Focus on organically building and from the standpoint of integrating this acquisition, and so that's our focus.

Nicholas Jansen
Managing Director, Raymond James

That's it for me. Thanks, guys.

Operator

Our next question comes from Steven Valiquette of Bank of America Merrill Lynch.

Steven Valiquette
Managing Director and Senior Equity Research Analyst, Bank of America Merrill Lynch

Yeah, thanks. Good morning. I had kind of a similar question to the last one, just in terms of your Asian presence. Has this deal checked the box on what you were thinking about when you talked about over the past six months wanting to expand there? Also, just quickly on slide six, you talk about Chiltern's deep expertise in early clinical development. Is that just in relation to oncology, or is that kind of across the board? We should think of Chiltern more as kind of early-stage expertise. Thanks.

John Ratliff
CEO, Covance Drug Development

This is John again. The nice thing about Chiltern is it about increases our APAC personnel by about 50%. Nice concentration in India as well, and so we like both the technical skill and the spread that allows.
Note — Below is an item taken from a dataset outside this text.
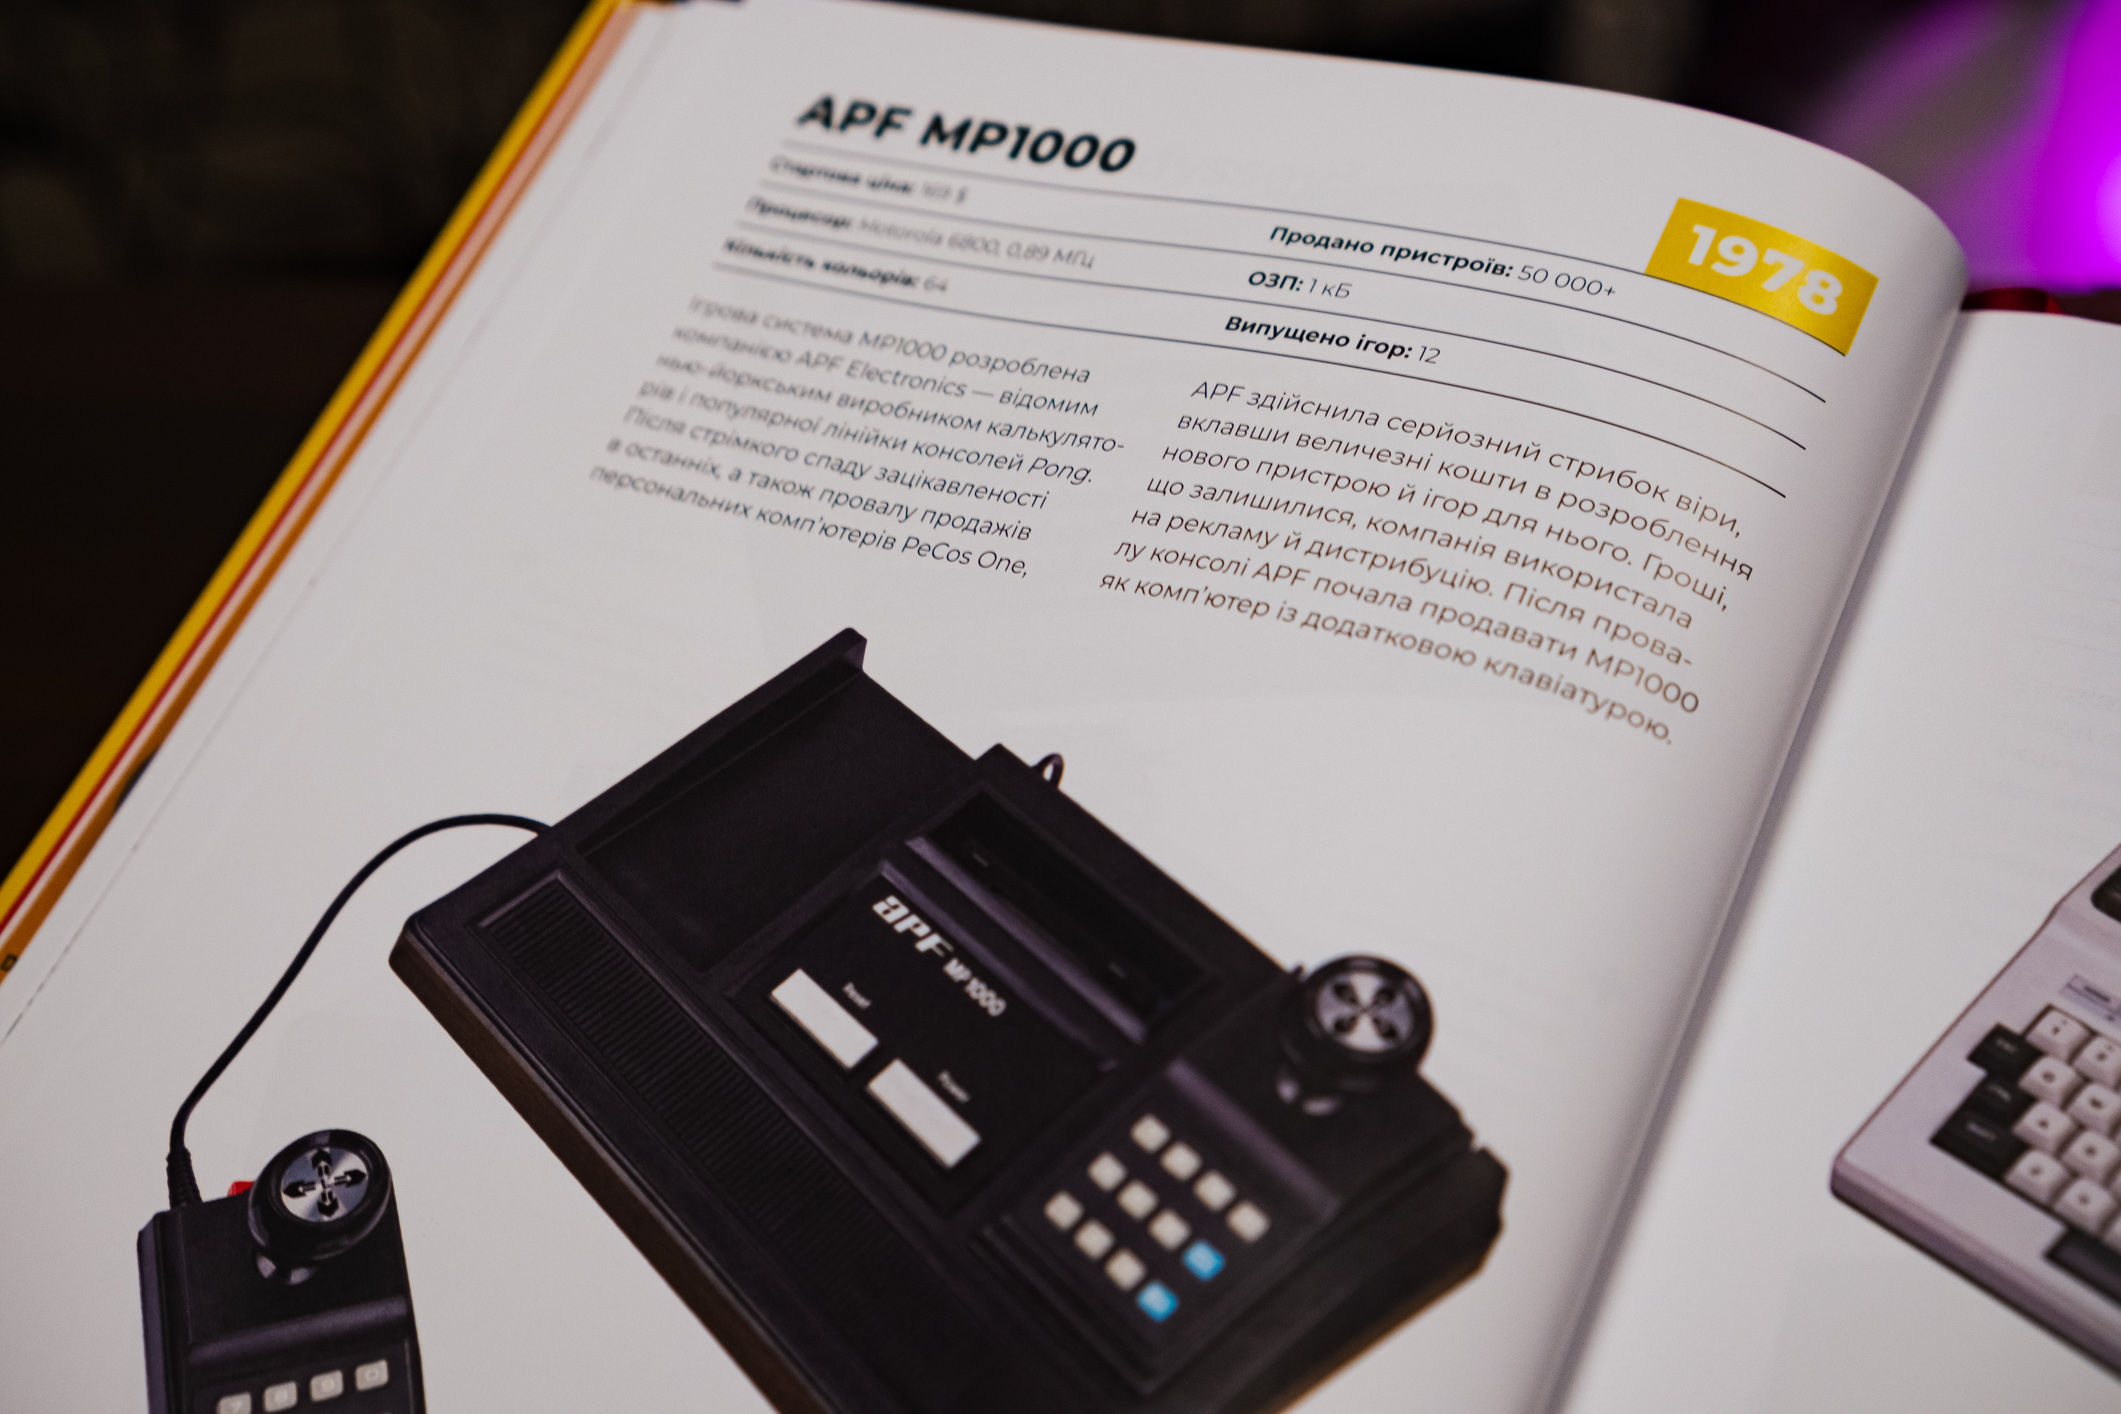 Огляд артбука «Ігрові консолі 2.0: Історія у фотографіях від Atari до Xbox»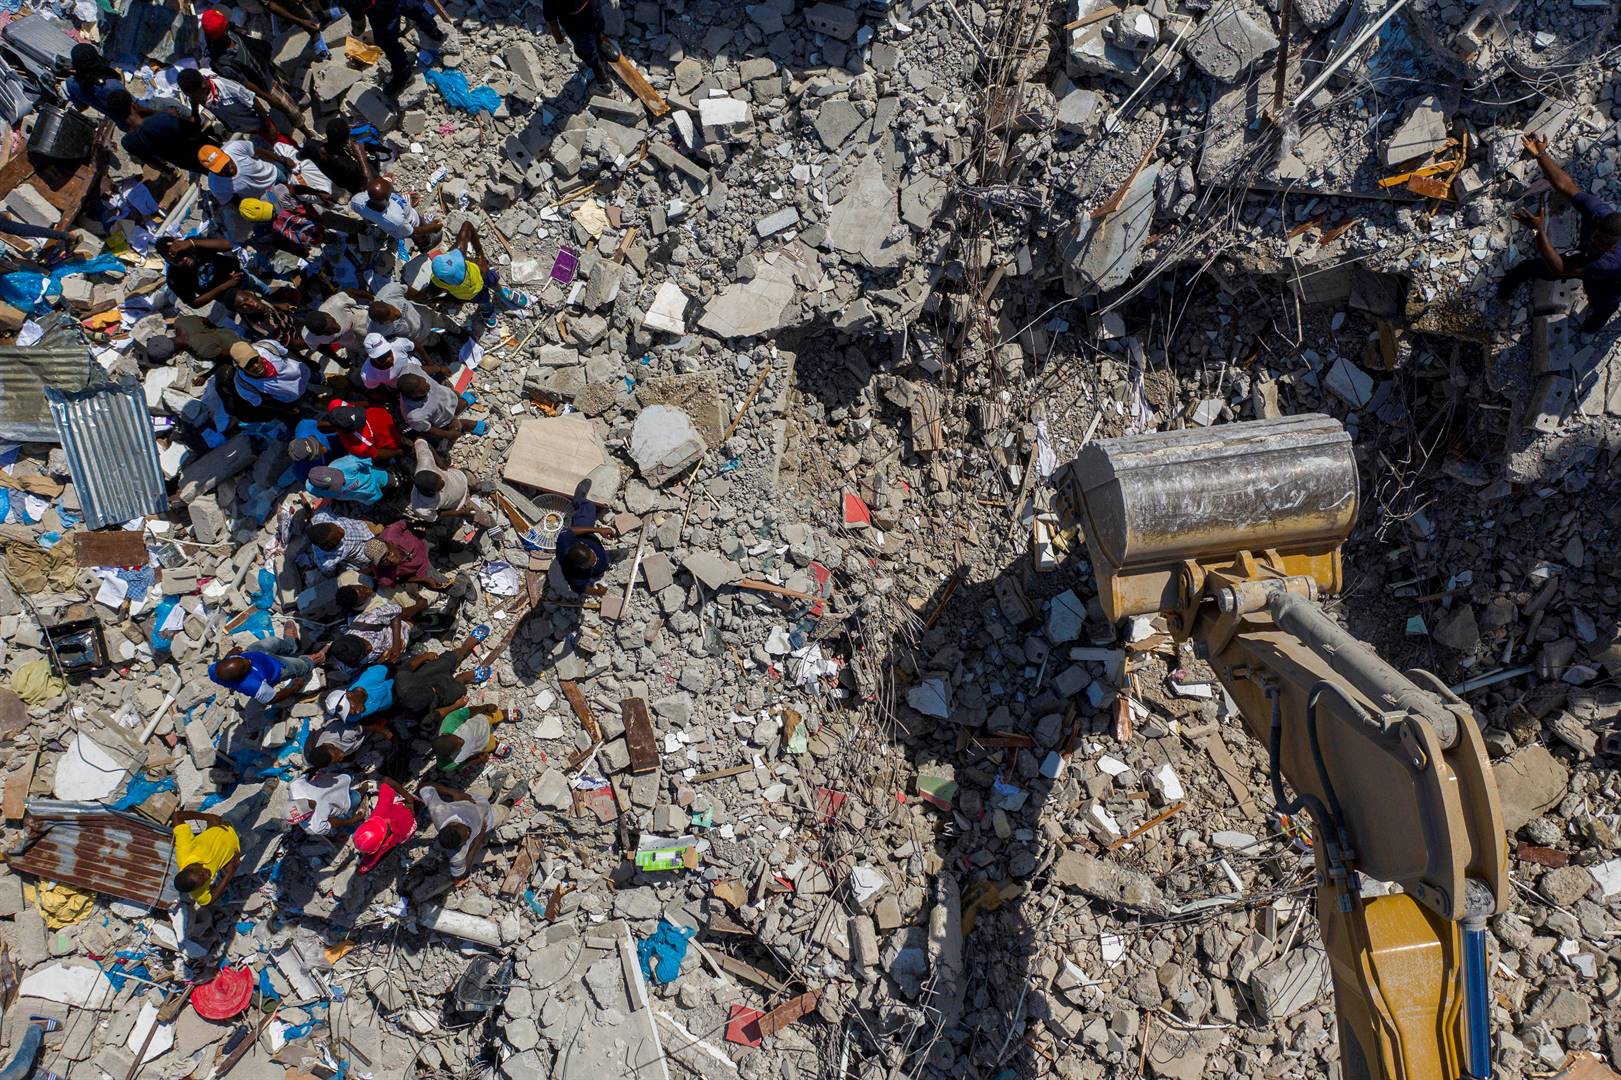 Mense drom saam en kyk na die skade wat aan die kusdorp Les Cayes in Haïti aangerig is. Foto: Reuters

They have a nice concentration also in Eastern Europe as well, and nice balance between the European corridor and the Americas, and then as to then their early clinical, as in their full-service provider area, about 39%-40% is in the oncology area, so early clinical is within that therapeutic area, but it's also across their broad spectrum of therapeutic areas, so it's not just focused on oncology, but obviously, with their backlog, etc., it's a big part of who they are.

Dave King
Chairman and CEO, LabCorp

And just to be clear, it's Dave, so when we refer to early clinical development, this is still in the clinical trial business.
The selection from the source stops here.